# [TASK OBJECTIVE]
What you return must be exactly the lines running from the one with "Offered for sale" to the end of the data below, inclusive, and nothing more.

# [INFORMATION SUPPLIED]
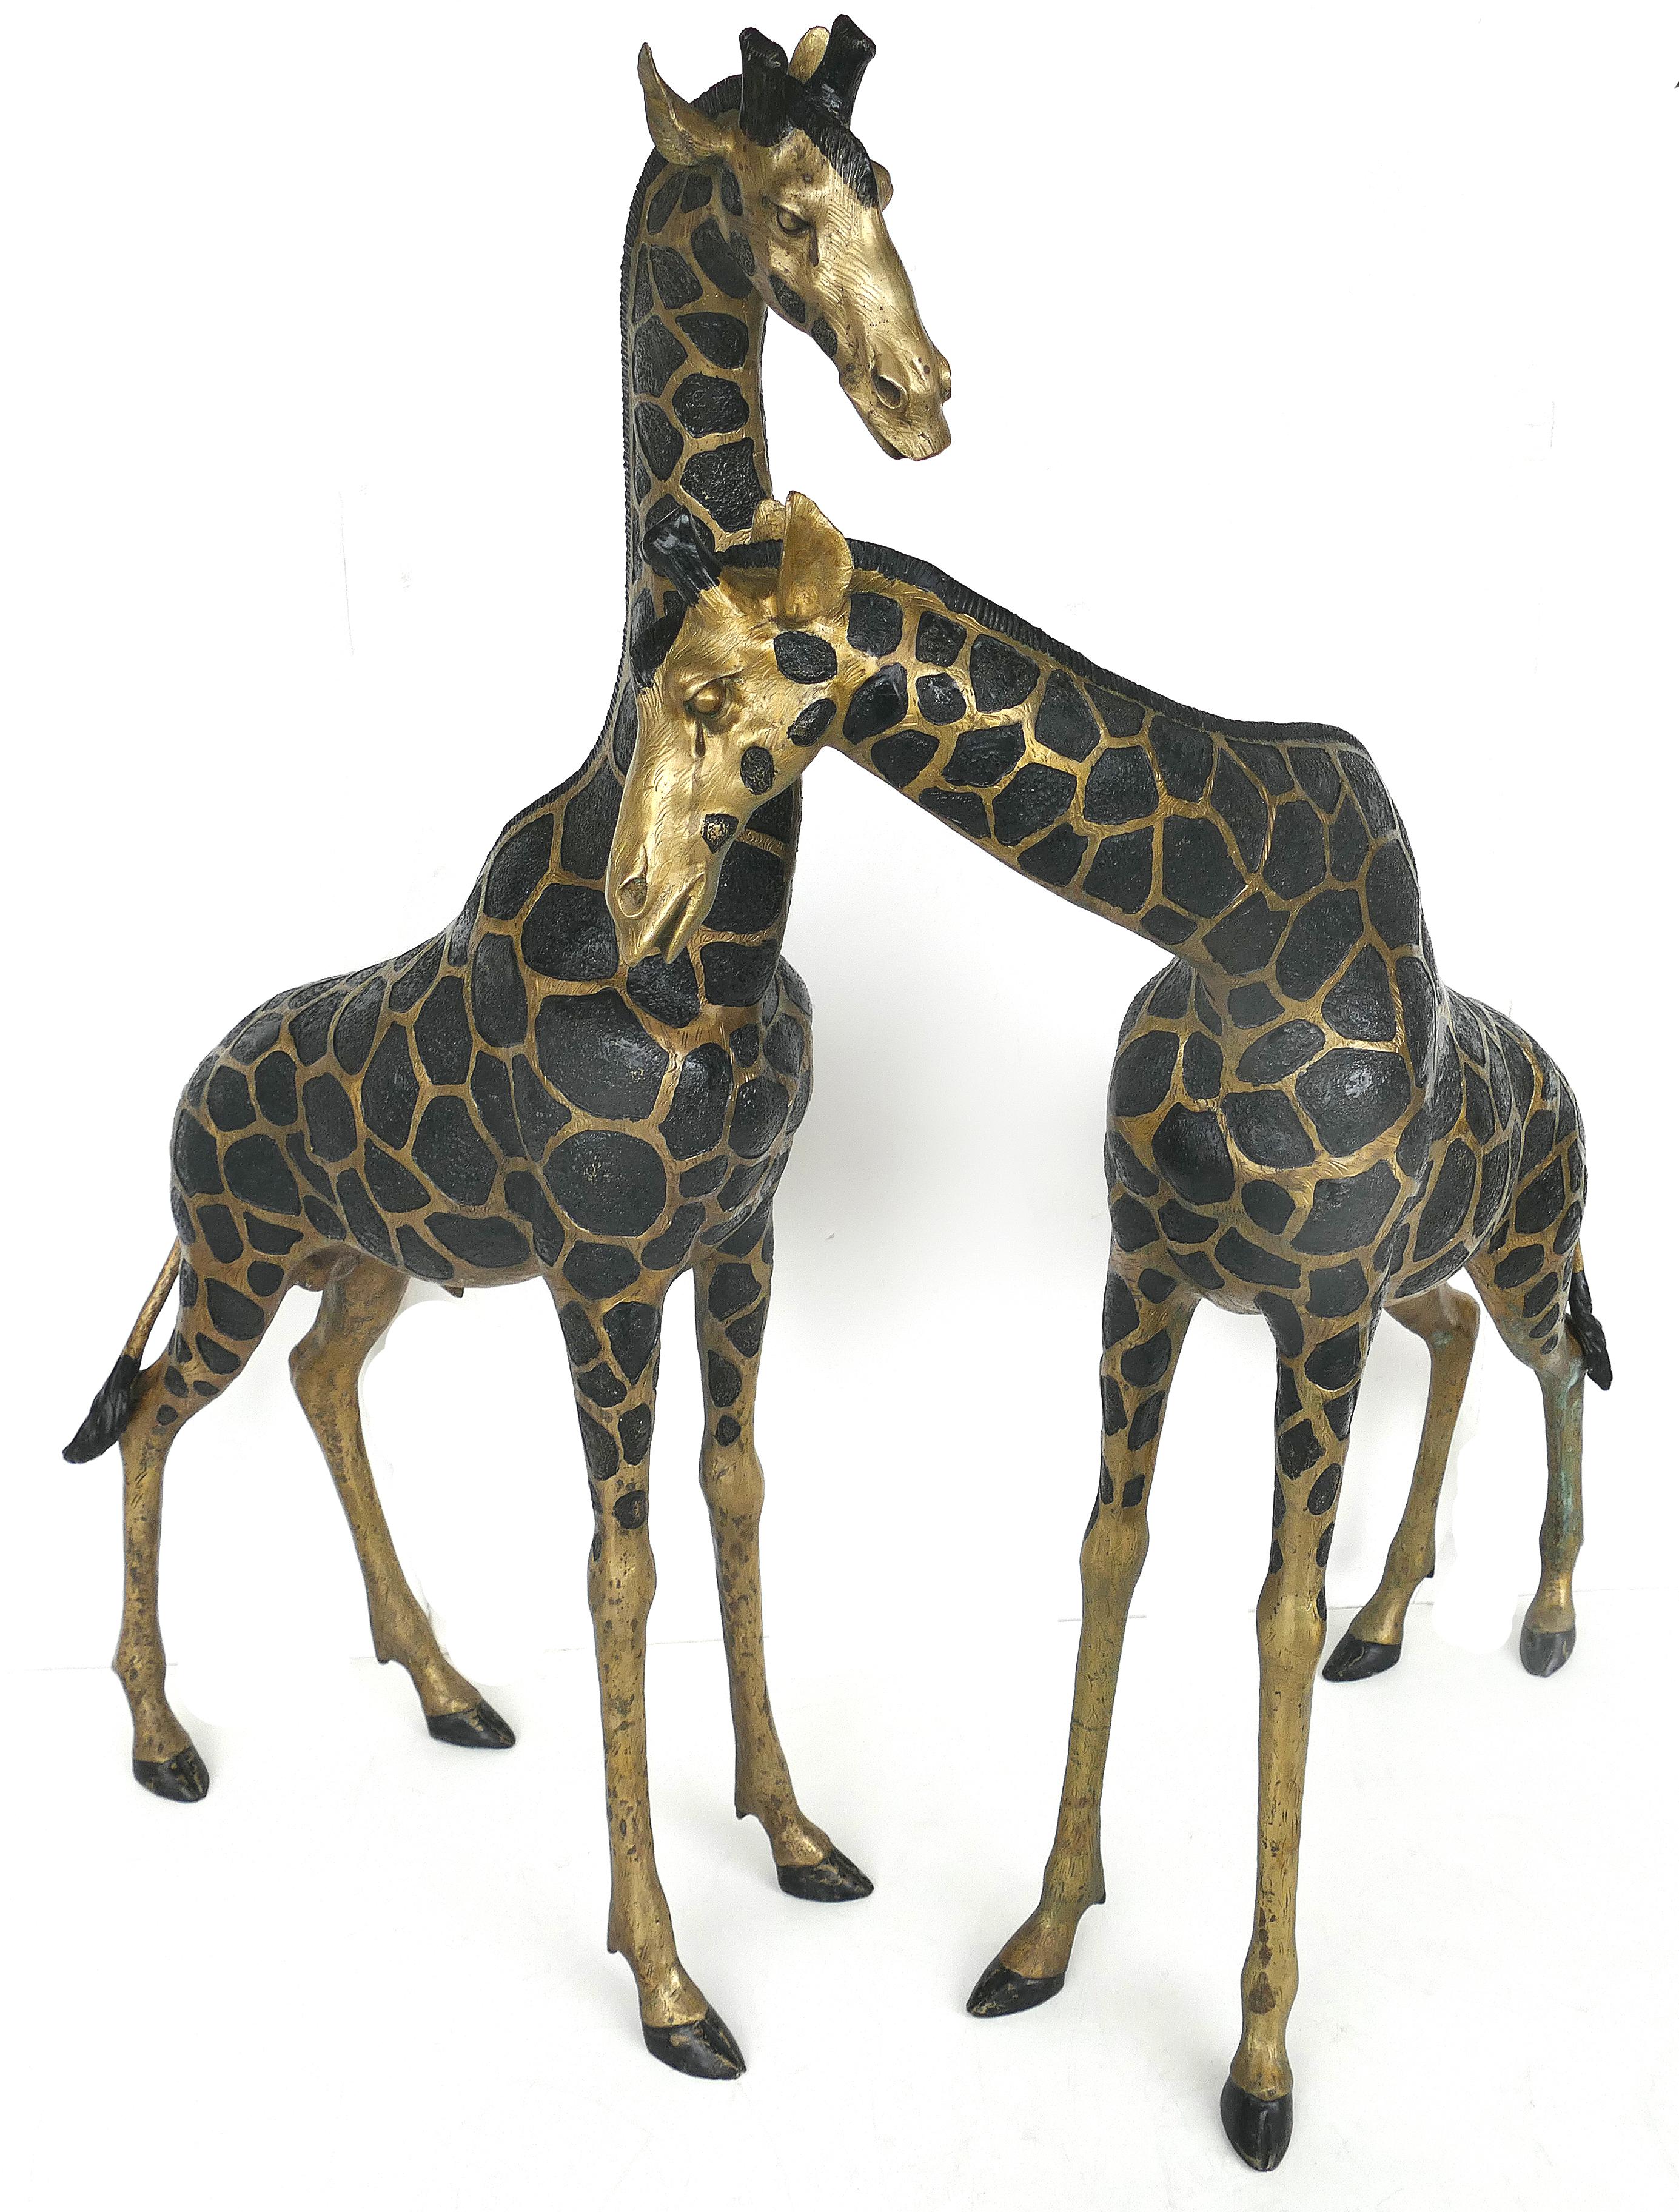 Overscale Hollywood Regency brass giraffe sculptures, pair

Offered for sale is a very large pair of Hollywood Regency brass giraffe sculptures. The pieces can be situated in various positions to create interesting and natural arrangements.
The

# [RESULT OF THIS TASK]
Offered for sale is a very large pair of Hollywood Regency brass giraffe sculptures. The pieces can be situated in various positions to create interesting and natural arrangements.
The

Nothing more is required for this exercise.